From James B. Watson's chapter "Other people do other things: Lamarckian identities in Kainantu Subdistrict, Papua New Guinea" in Cultural Identity and Ethnicity in the Pacific, edited by Jocelyn Linnekin and Lin Poyer (U. Hawai‘i Press, 1990), pp. 17, 26:
The aboriginal peoples of Papua New Guinea’s Eastern Highlands are organized in autonomous polities, some with as few as one or two hundred members. Many if not most of these local peoples experience episodes of radical revision in their membership. Most groups are formed in a highly fluid sociopolitical field, intermittently marked by relocations, realignments, and the patriation of alien immigrants who have been expelled by hostile neighbors from their own lands elsewhere. Restless or disgruntled insiders split off to form new groups; refugee outsiders are recruited from time to time to reinforce the ranks of those remaining. To the literal-minded genealogist, the long-term kinship and continuity of each such group seem confused, even compromised.

A truncated local sense of history nevertheless contains the frequent events of fission and fusion. In spite of ongoing exchanges of personnel, a common and ostensibly continuous local identity immerses not only long-established elements of the community but, in time, the descendants of recent immigrants....

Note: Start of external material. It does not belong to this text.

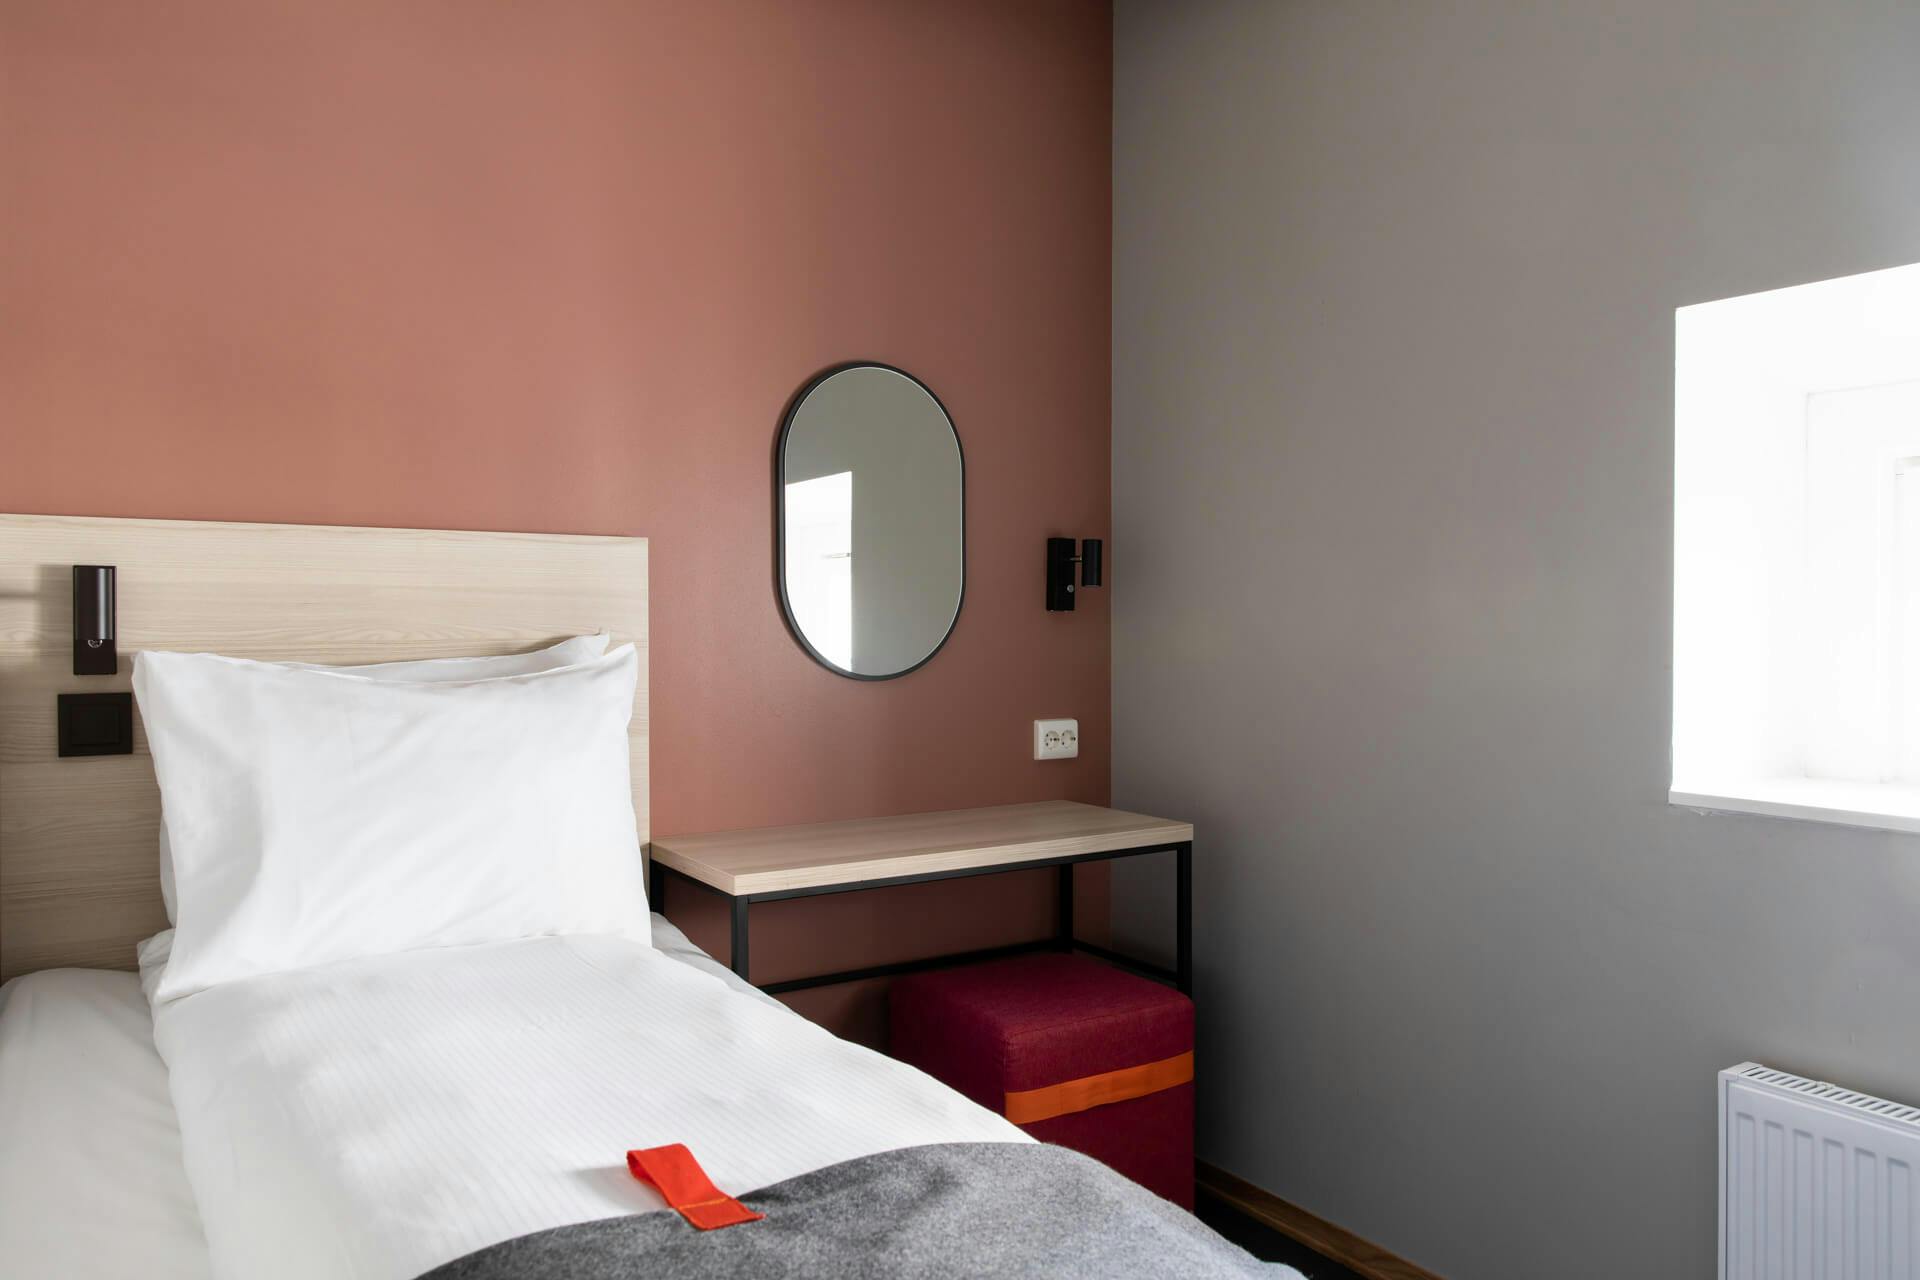 Single bed, desk, mirror, poof, orange wall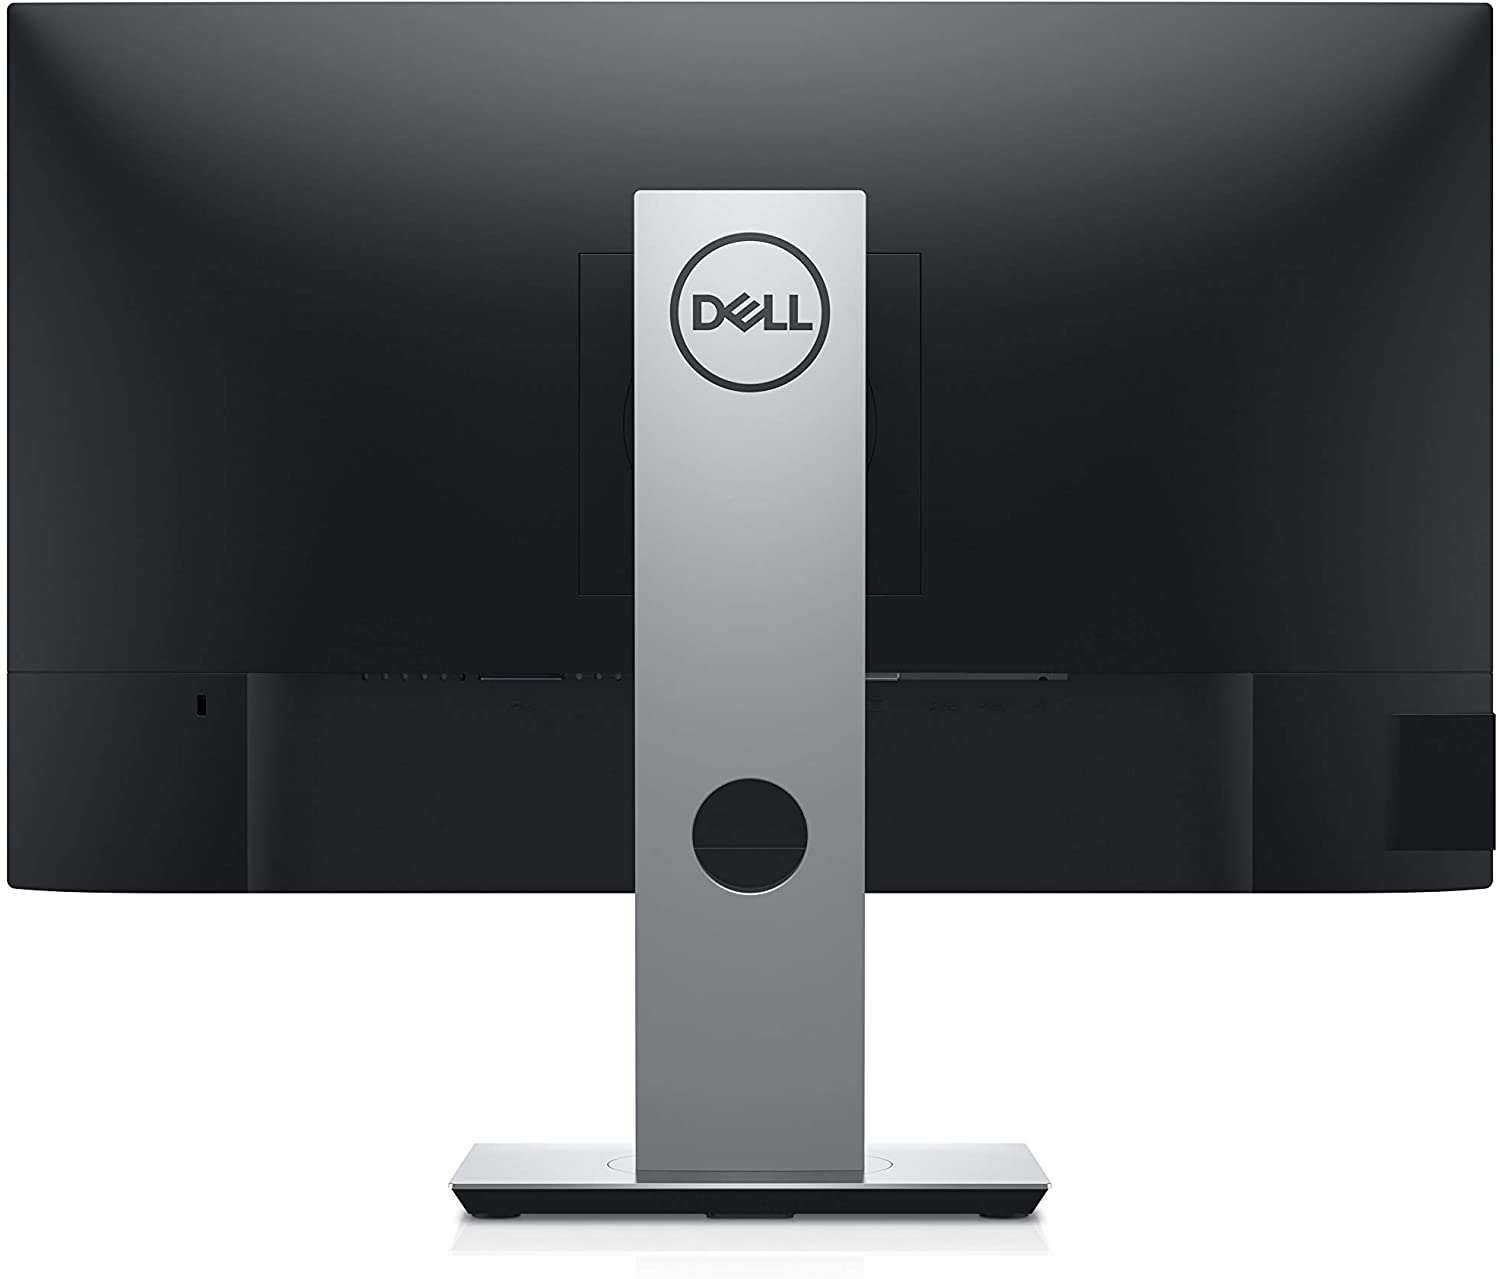 Dell P2419H LED monitor 24"- 1920 x 1080 Full HD @ 60 Hz IPS - 250 cd/m²HDMI, VGA, DisplayPort

Over half a dozen languages are spoken in the immediate vicinity of Kainantu, and all the communities I resided in have close social ties to at least one community of alien speech. Often two or three other languages are represented in these linkages. Many communities of the vicinity have incorporated refugees who arrived speaking a language other than that of their hosts. With time, if the refugees remain, their original language may be lost, but probably not without a distinct residue of the sounds, words, attitudes, and cultural practices they brought with them. In some communities in the 1960s there were refugees or their descendants still speaking their original language, … resulting in their designation by the community (from Pidgin) as “hapkas” [half-caste].
What does this mean for language documentation and conservation efforts in the area? To whom does any particular language belong, and for how long?